**ACTIVITY**. What you write should match, word for word, the lines from the one containing "Six light 19th" through the end of the data, with no pictures.

**RECORDED DATA**.
● ● ● ● ●
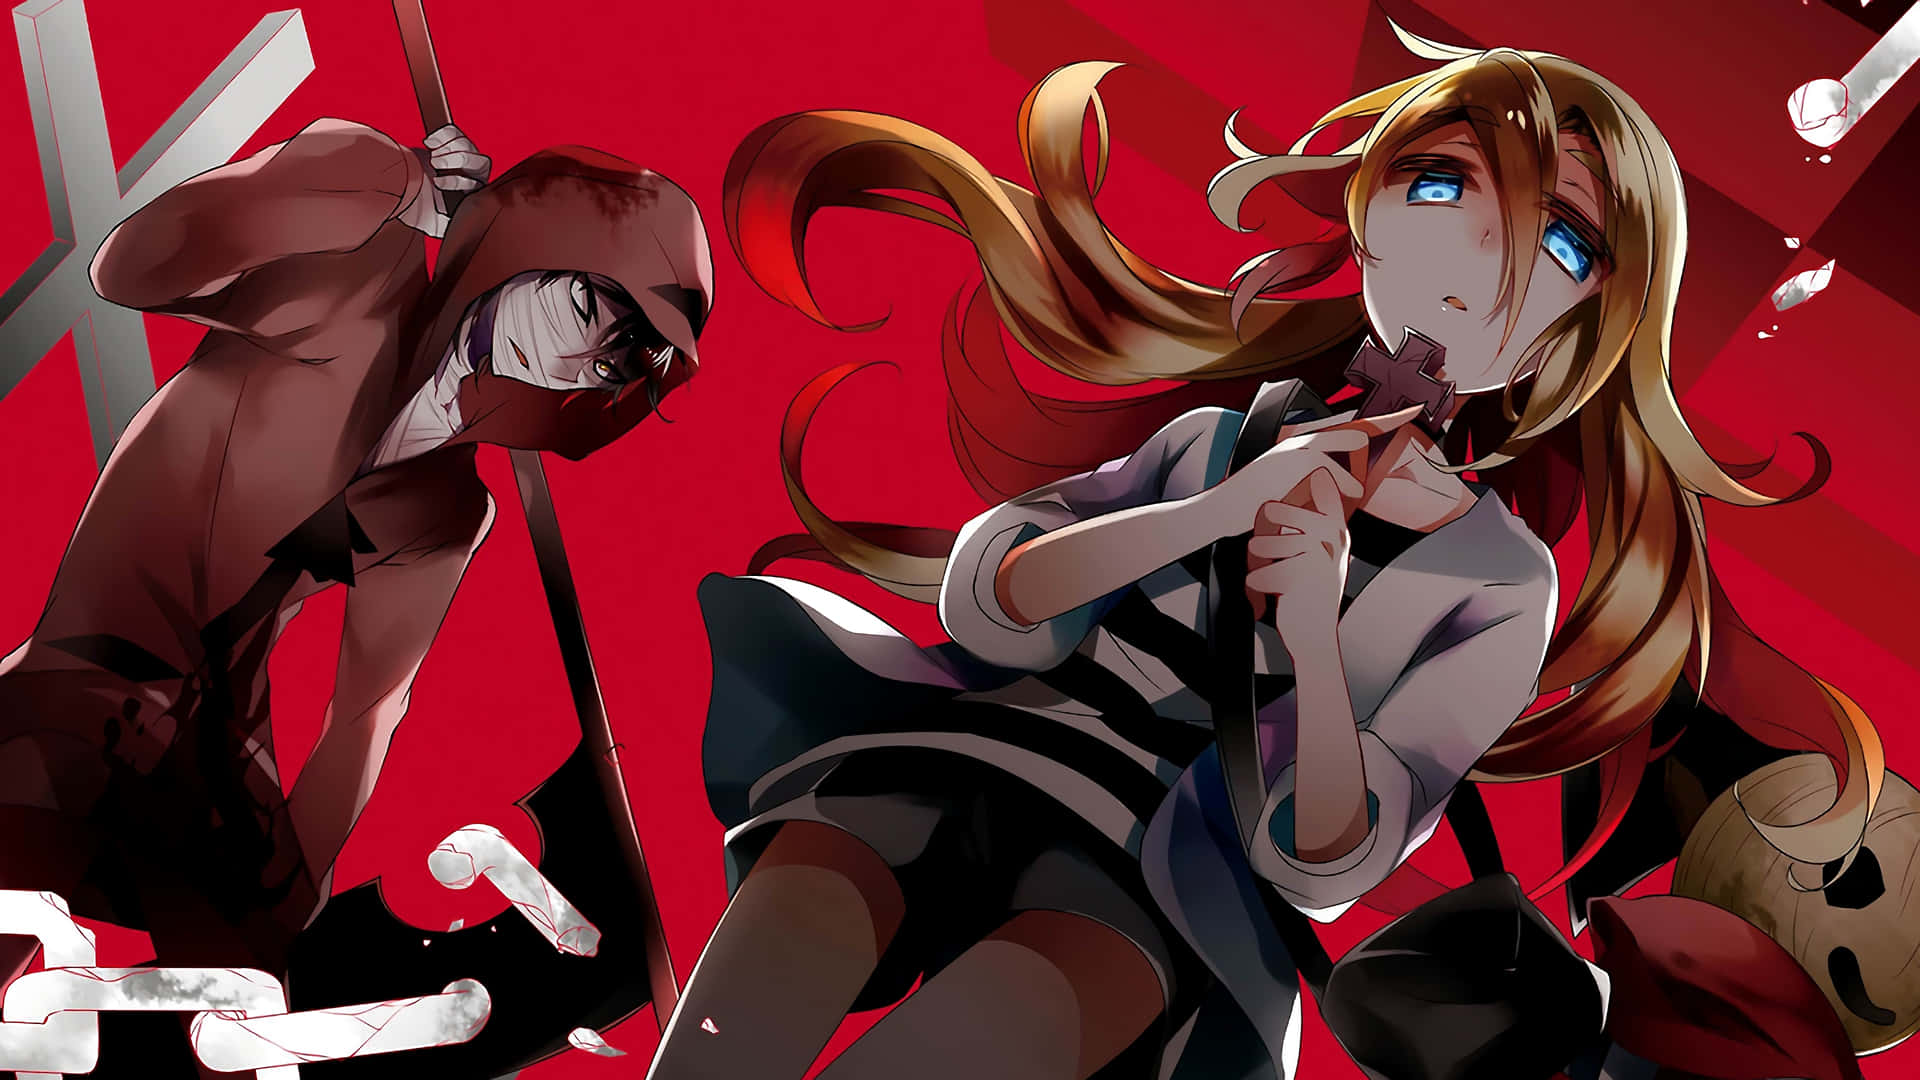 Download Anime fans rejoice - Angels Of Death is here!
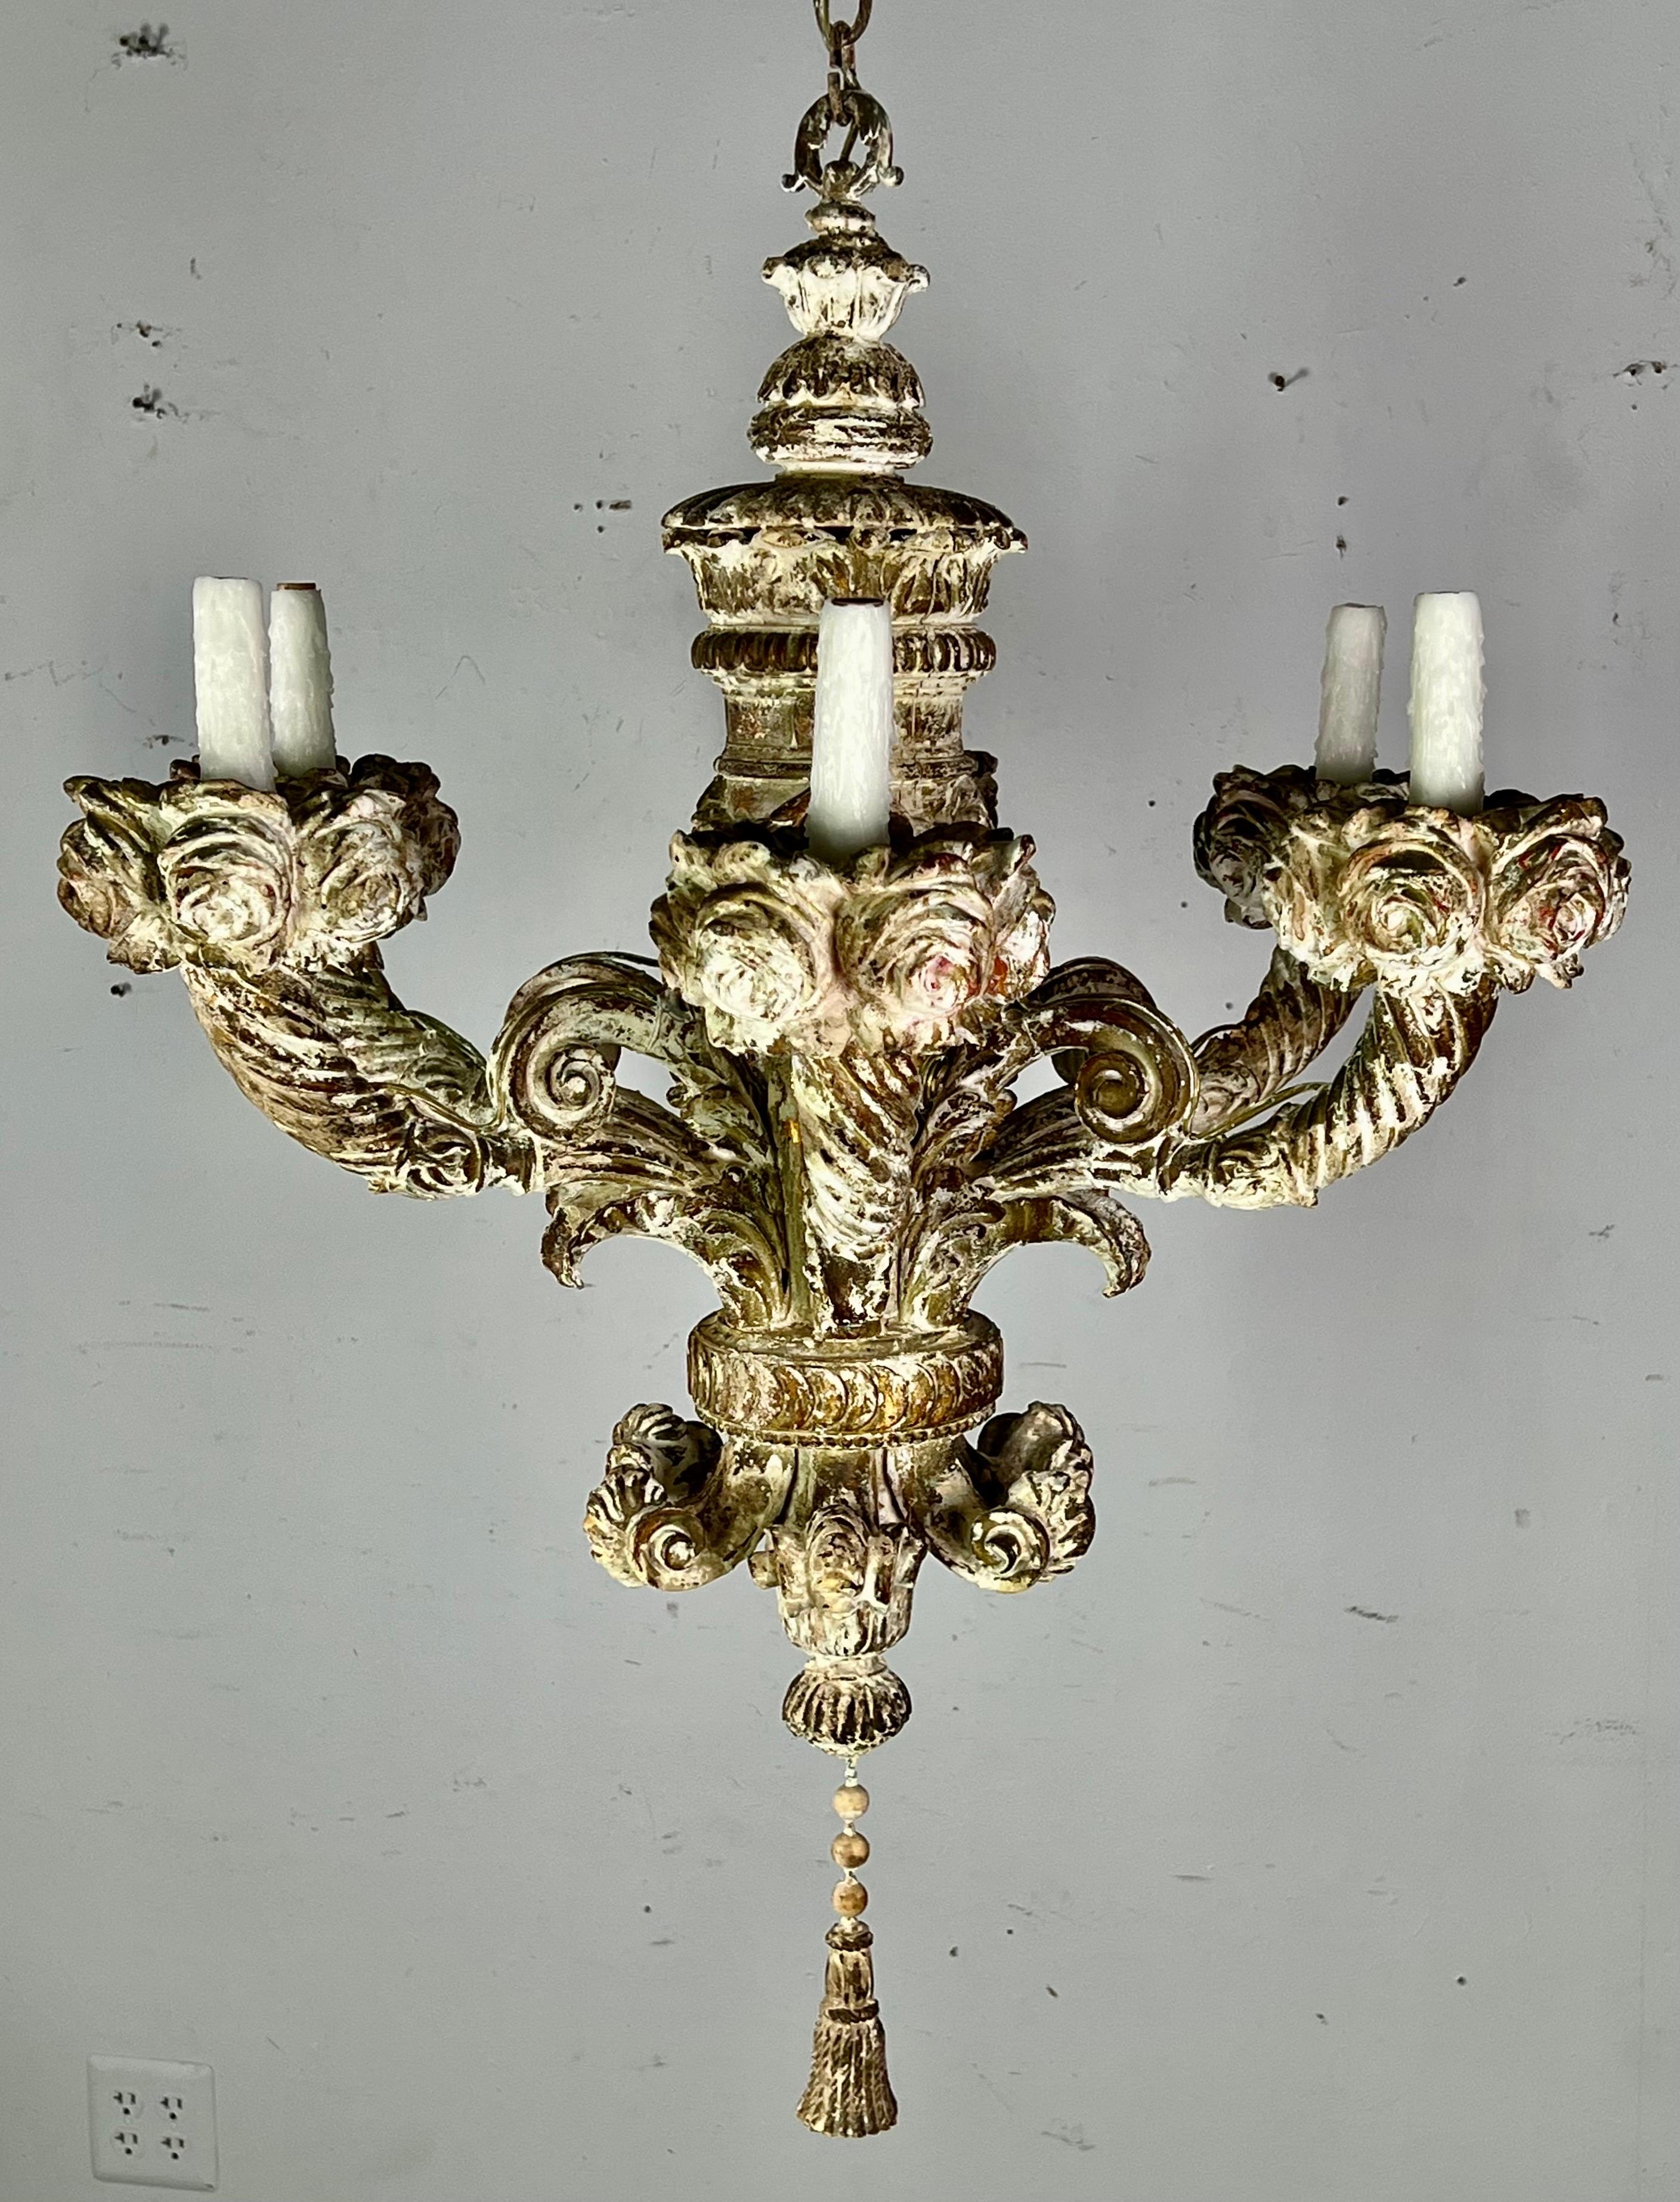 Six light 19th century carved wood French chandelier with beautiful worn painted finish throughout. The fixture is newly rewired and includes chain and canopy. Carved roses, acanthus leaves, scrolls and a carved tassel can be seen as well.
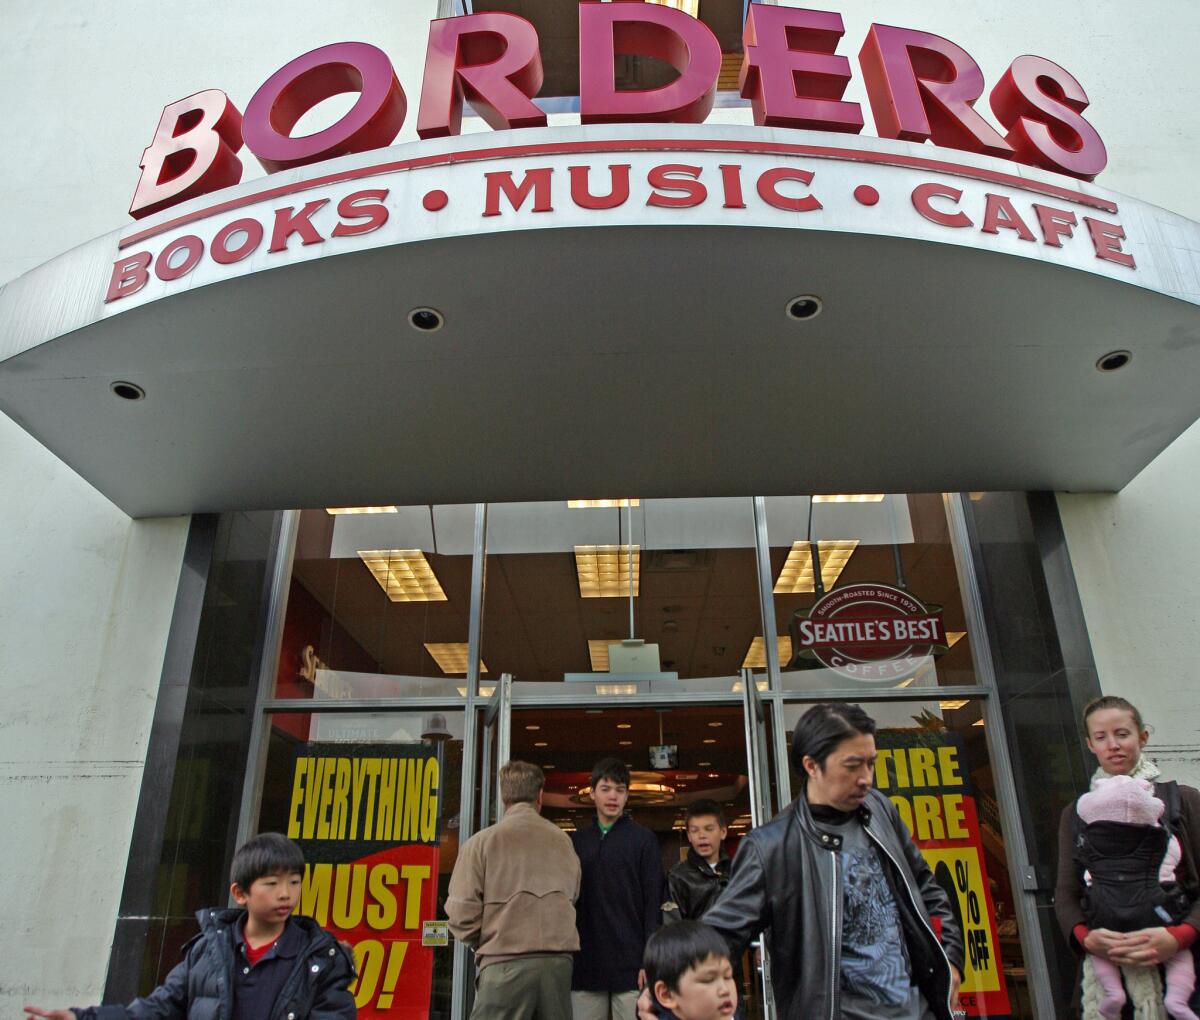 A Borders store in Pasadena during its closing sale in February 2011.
● ● ● ● ●
**YOUR SOLUTION**.
 Six light 19th century carved wood French chandelier with beautiful worn painted finish throughout. The fixture is newly rewired and includes chain and canopy. Carved roses, acanthus leaves, scrolls and a carved tassel can be seen as well.
 A Borders store in Pasadena during its closing sale in February 2011.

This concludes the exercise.